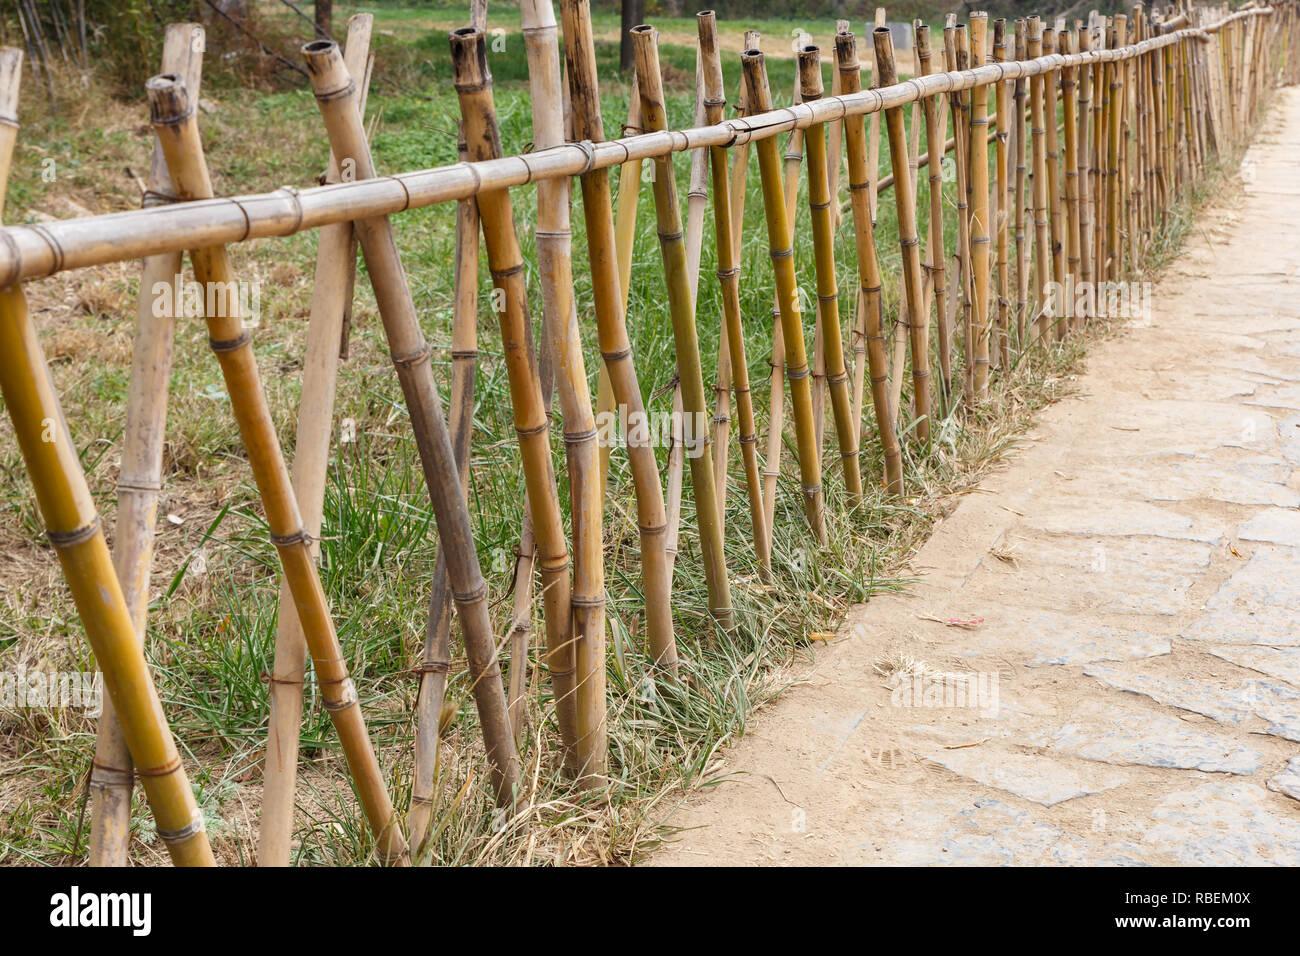 Bambus Zaun Entlang Ein Fussweg In Einem Park Stockfotografie Alamy
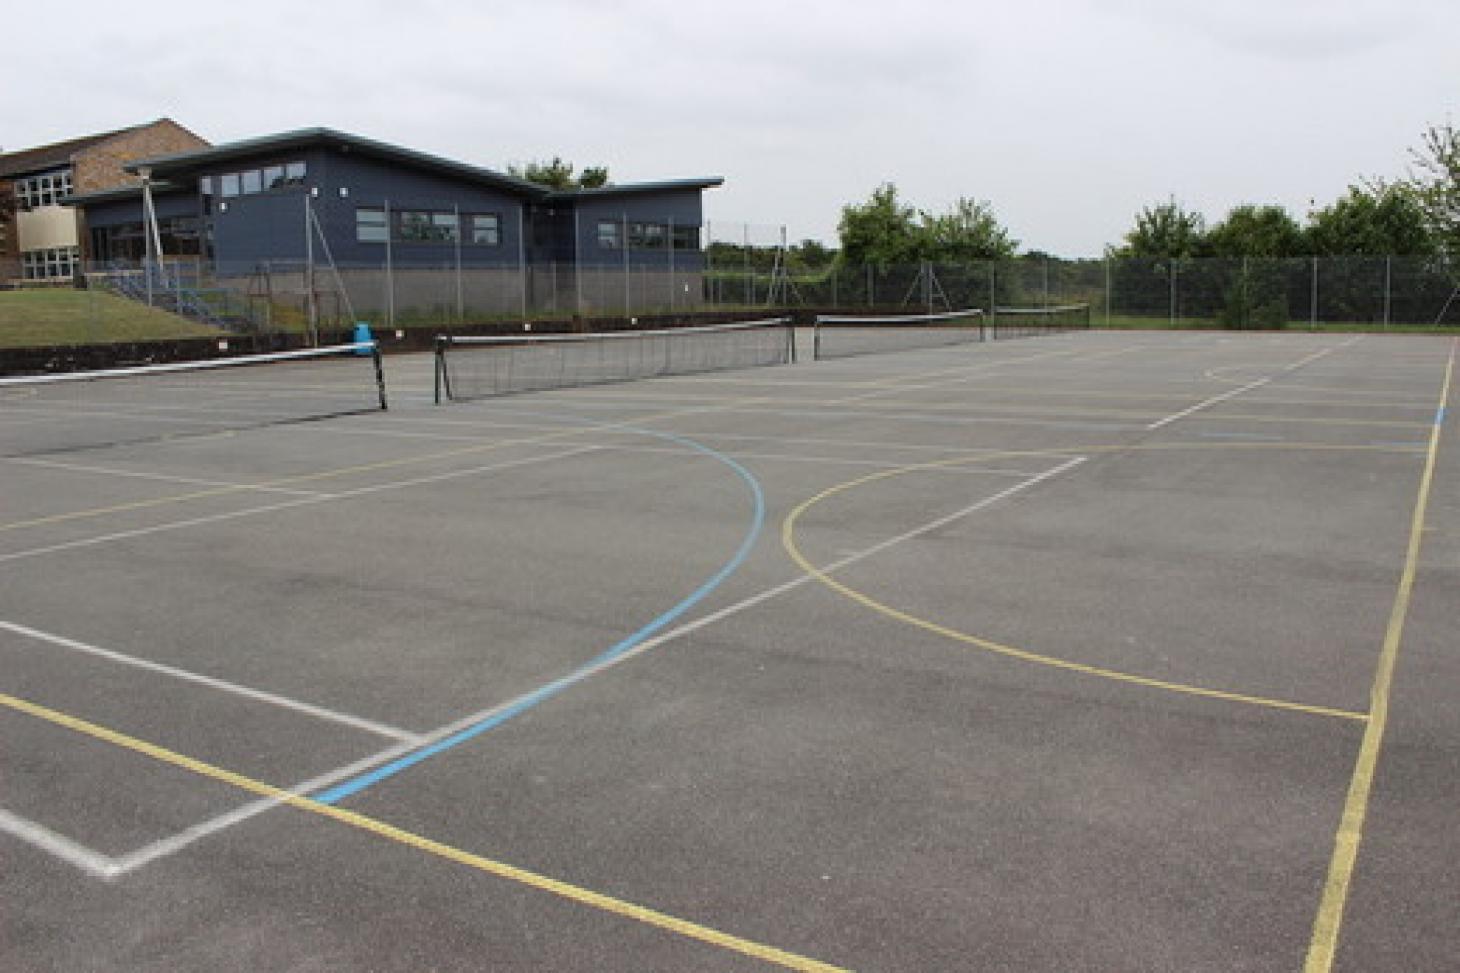 Amersham School Outdoor | Hard (macadam) tennis court
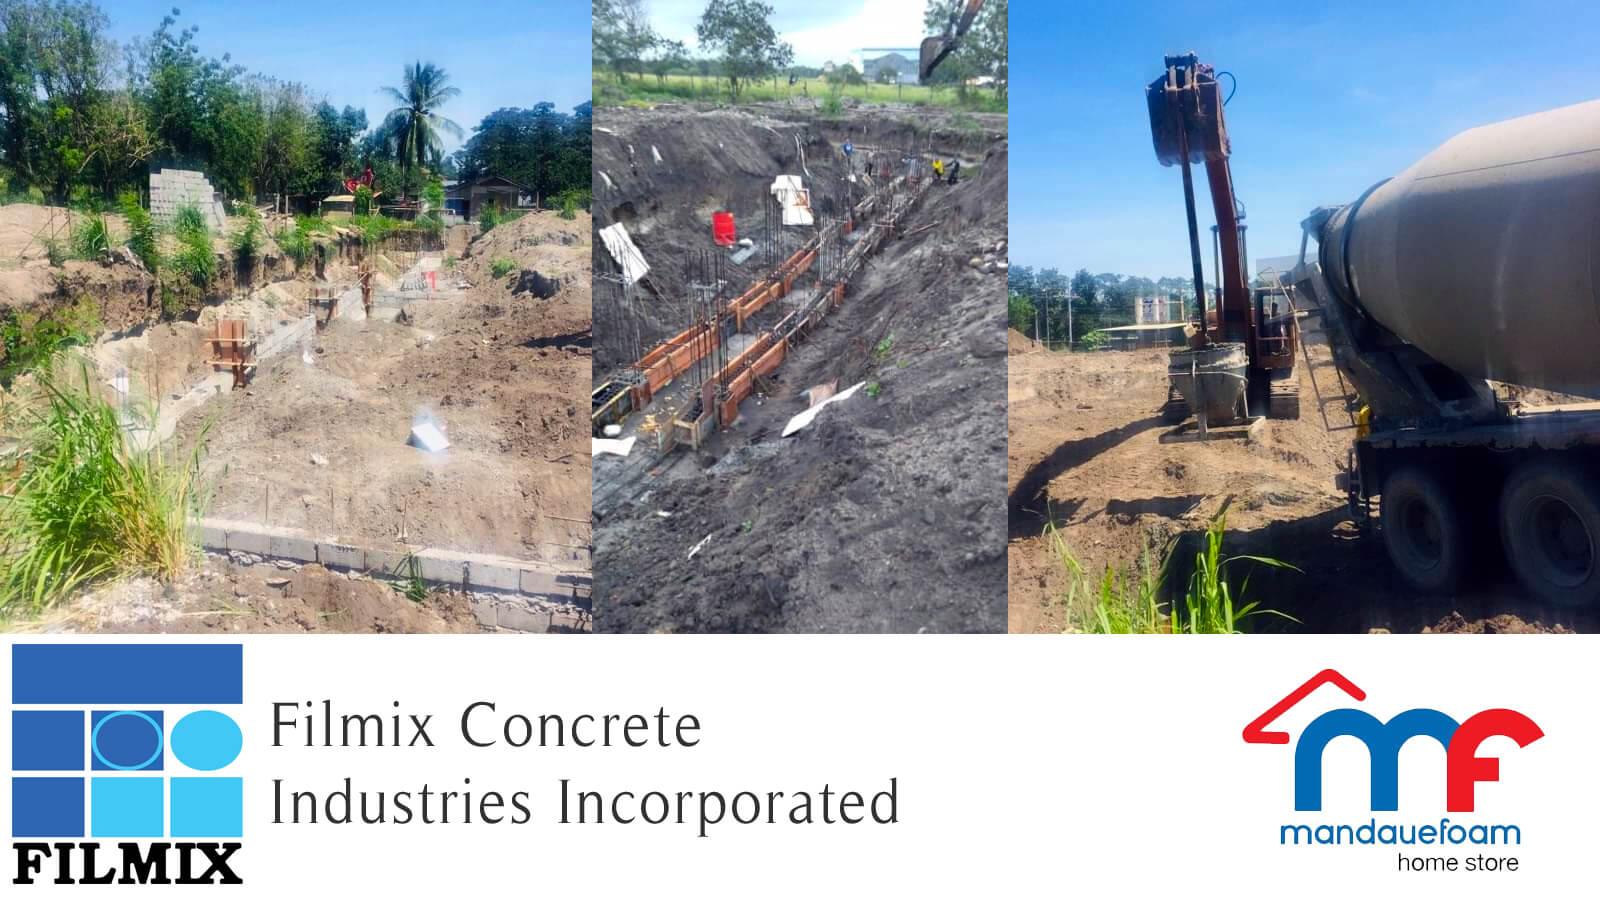 Ready-mix concrete supplier Filmix pouring for Mandaue Foam Gensan

WHAT IS REQUIRED
Reproduce the listing above exactly, but skip the pictures.

ANSWER SPACE
 Bambus Zaun Entlang Ein Fussweg In Einem Park Stockfotografie Alamy
 Amersham School Outdoor | Hard (macadam) tennis court
 Ready-mix concrete supplier Filmix pouring for Mandaue Foam Gensan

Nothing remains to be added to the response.